Now I know we're all excited by the Curiosity rover sniffing fossilized ET farts on Mars. Maybe. Possibly. It's providing a minor boost to Surviving Mars' already minor popularity and if there ever were a profitable time for Hollywood to invest in a few dozen mind-rapingly terrible Red Mars adaptations, now's that time. But let us remember that the problem with interplanetary exploration has never been the interplanetary part. It's the would-be explorers.
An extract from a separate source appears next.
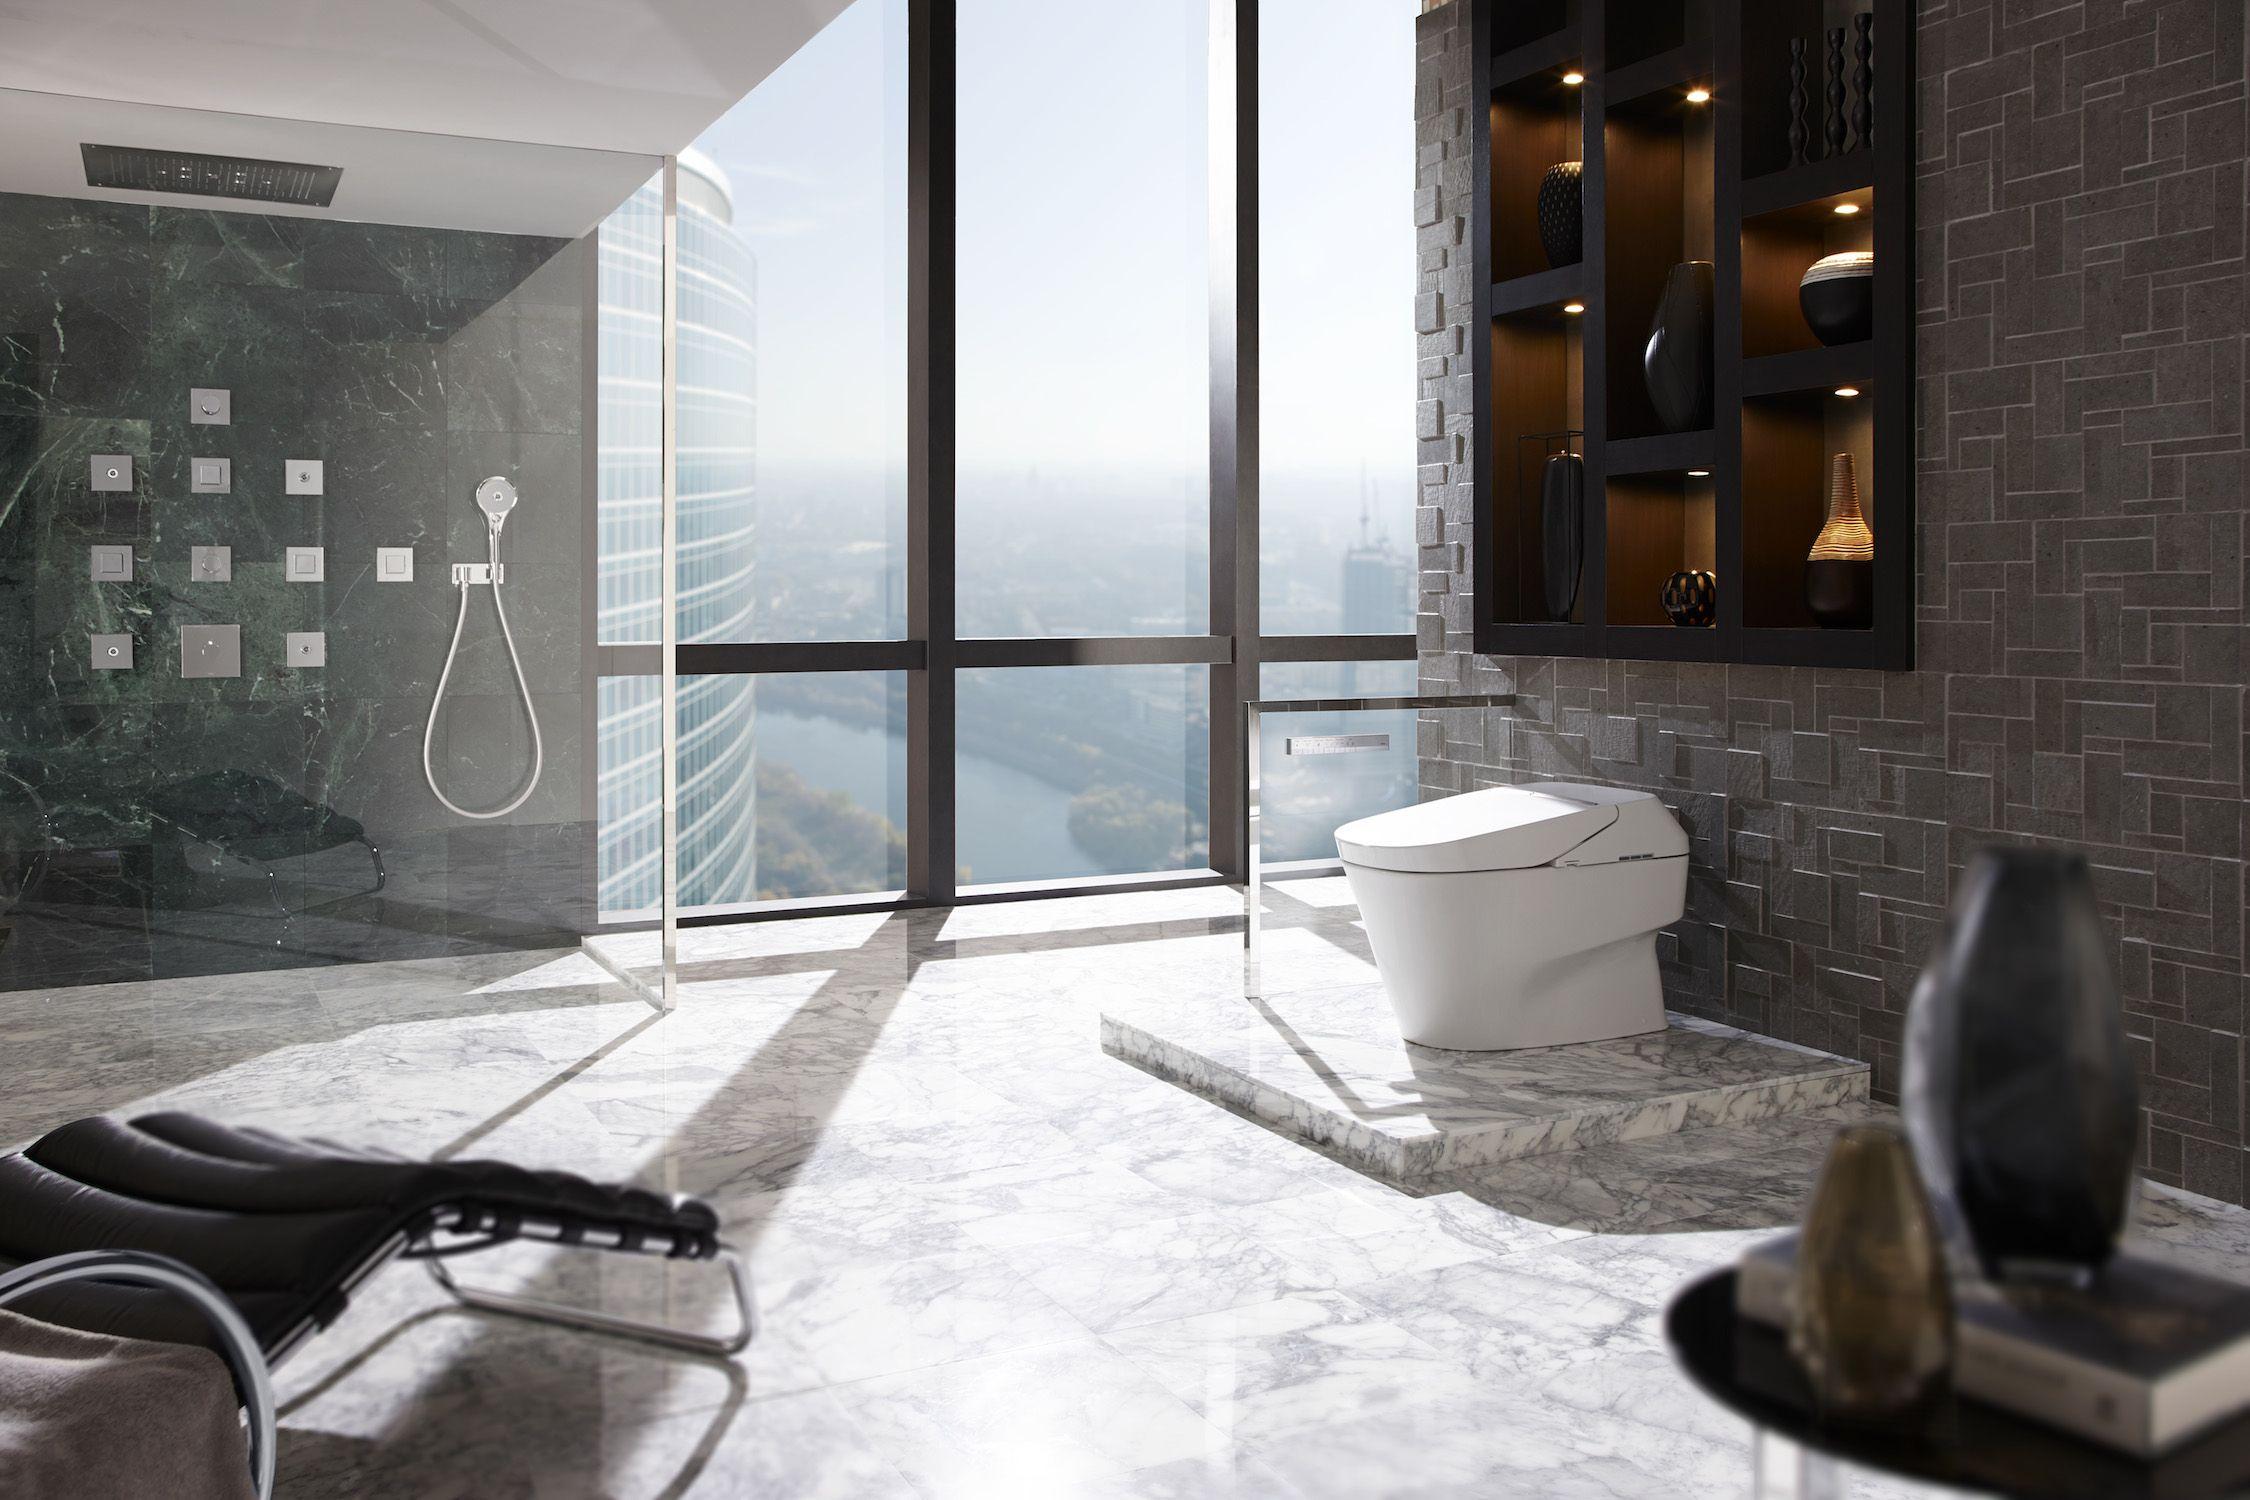 15 Dream Bathroom Inspiration Photos, Dream Bathroom Ideas

That would be you, dear reader.

We could probably all be living to 120 years or more in clean, safe comfort and adventuring out as we please if it weren't for the all-too-many "all" and we could probably be dancing around in the Kuiper Belt if we wanted to. We don't want to. We'd rather make up idiotic fairy tales about supernatural saviors while we build mansions and hovels upon hovels and mansions and clutter this exhausted old planet with our disgusting, moronic progeny. Religion, social status, control, until we outgrow these any true scientific growth is meaningless fluff, pearls thrown before seven and a half billion degenerate swine.

Spaceships, if they come, won't look anything like the clean, sleek, purposeful, polite, egalitarian Enterprise.
They will look like this:
Because you billions upon billions of redundant filthy apes are not interstellar explorers. You're brainless, instinct-driven, superstitious, murderous, backstabbing vermin, and you breed accordingly.